I don't grok mm stuff, but I'd like to understand why we gain the ability
of re-use the same 2 MiB page with this patch, from the code I really
can't tail. Any pointers?
But, I'm still concerned about the free'ing case in terms of
fragmentation for contigous memory, when free huage pages are available.
Luis
> ---
> arch/x86/mm/init_64.c | 3 ++-
> mm/vmalloc.c | 27 +++++++++++++++++++++++++++
> 2 files changed, 29 insertions(+), 1 deletion(-)
>
> diff --git a/arch/x86/mm/init_64.c b/arch/x86/mm/init_64.c
> index 39c5246964a9..d27d0af5beb5 100644
> --- a/arch/x86/mm/init_64.c
> +++ b/arch/x86/mm/init_64.c
> @@ -1367,12 +1367,13 @@ int __init deferred_page_init_max_threads(const struct cpumask *node_cpumask)
>
> int kernel_set_to_readonly;
>
> +#define PMD_ALIGN(x) (((unsigned long)(x) + (PMD_SIZE - 1)) & PMD_MASK)
> void mark_rodata_ro(void)
> {
> unsigned long start = PFN_ALIGN(_text);
> unsigned long rodata_start = PFN_ALIGN(__start_rodata);
> unsigned long end = (unsigned long)__end_rodata_hpage_align;
> - unsigned long text_end = PFN_ALIGN(_etext);
> + unsigned long text_end = PMD_ALIGN(_etext);
> unsigned long rodata_end = PFN_ALIGN(__end_rodata);
> unsigned long all_end;
>
> diff --git a/mm/vmalloc.c b/mm/vmalloc.c
> index 472287e71bf1..5f3b5df9313f 100644
> --- a/mm/vmalloc.c
> +++ b/mm/vmalloc.c
> @@ -72,6 +72,11 @@ early_param("nohugevmalloc", set_nohugevmalloc);
> static const bool vmap_allow_huge = false;
> #endif /* CONFIG_HAVE_ARCH_HUGE_VMALLOC */
>
> +#define PMD_ALIGN(x) (((unsigned long)(x) + (PMD_SIZE - 1)) & PMD_MASK)
> +
> +static struct vm_struct text_tail_vm;
> +static struct vmap_area text_tail_va;
> +
> bool is_vmalloc_addr(const void *x)
> {
> unsigned long addr = (unsigned long)kasan_reset_tag(x);
> @@ -634,6 +639,8 @@ int is_vmalloc_or_module_addr(const void *x)

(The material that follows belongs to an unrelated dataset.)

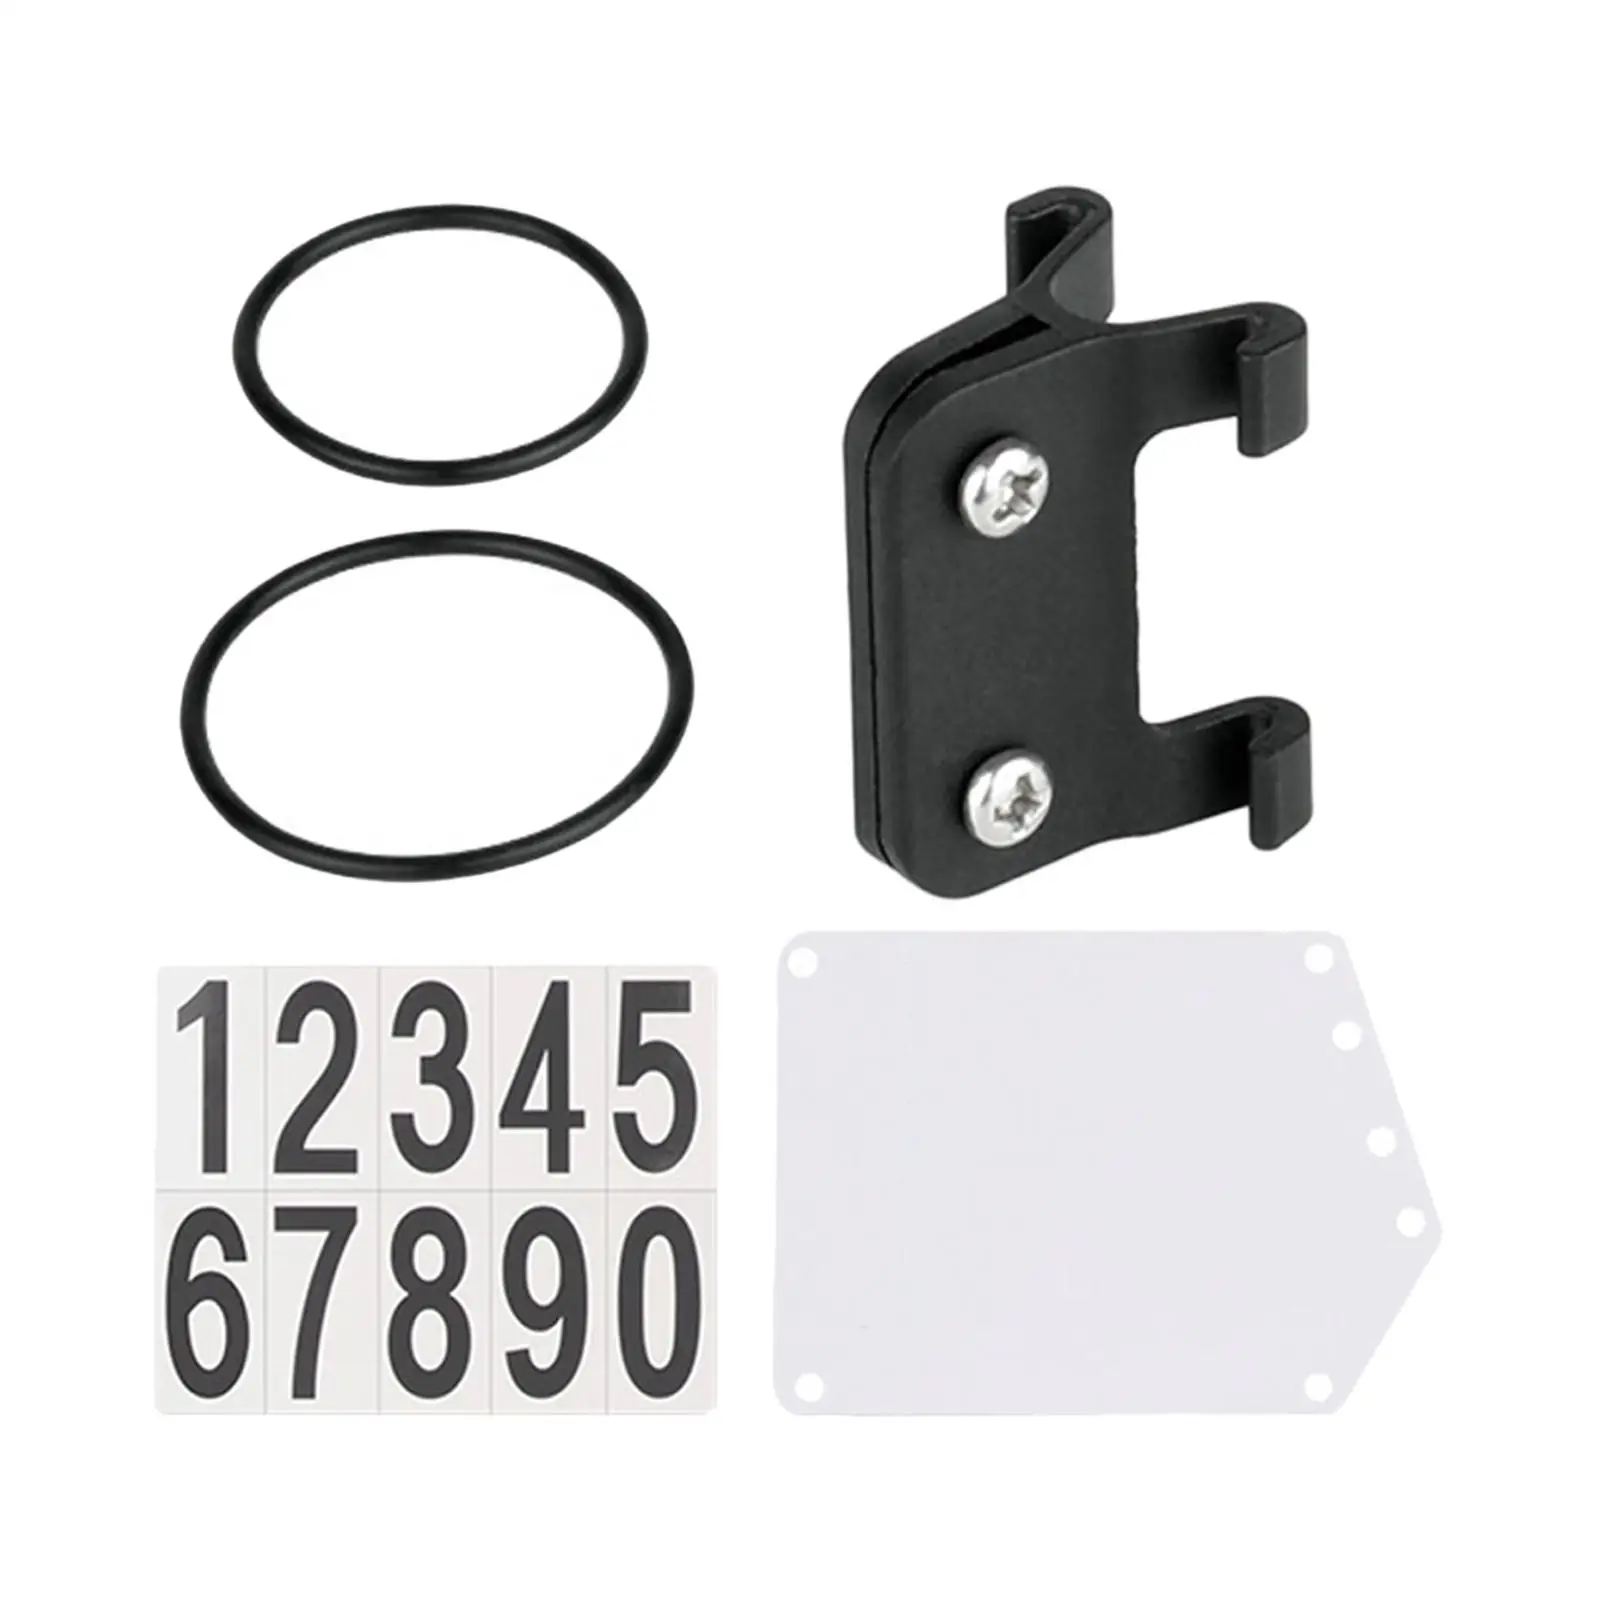 Racing Number Plate and Holder Quick Release with Bands Fixed Parts Bracket PP for Cycling Triathlon Race Rear Bike

> unsigned long addr = (unsigned long)kasan_reset_tag(x);
> if (addr >= MODULES_VADDR && addr < MODULES_END)
> return 1;
> + if (addr >= text_tail_va.va_start && addr < text_tail_va.va_end)
> + return 1;
> #endif
> return is_vmalloc_addr(x);
> }
> @@ -2371,6 +2378,25 @@ static void vmap_init_free_space(void)
> }
> }
>
> +static void register_text_tail_vm(void)
> +{
> + unsigned long start = PFN_ALIGN(_etext);
> + unsigned long end = PMD_ALIGN(_etext);
> + struct vmap_area *va;
> +
> + va = kmem_cache_zalloc(vmap_area_cachep, GFP_NOWAIT);
> + if (WARN_ON_ONCE(!va))
> + return;
> + text_tail_vm.addr = (void *)start;
> + text_tail_vm.size = end - start;
> + text_tail_vm.flags = VM_KERNEL_EXEC;
> + text_tail_va.va_start = start;
> + text_tail_va.va_end = end;
> + text_tail_va.vm = &text_tail_vm;
> + memcpy(va, &text_tail_va, sizeof(*va));
> + insert_vmap_area(va, &free_text_area_root, &free_text_area_list);
> +}
> +
> void __init vmalloc_init(void)
> {
> struct vmap_area *va;
> @@ -2381,6 +2407,7 @@ void __init vmalloc_init(void)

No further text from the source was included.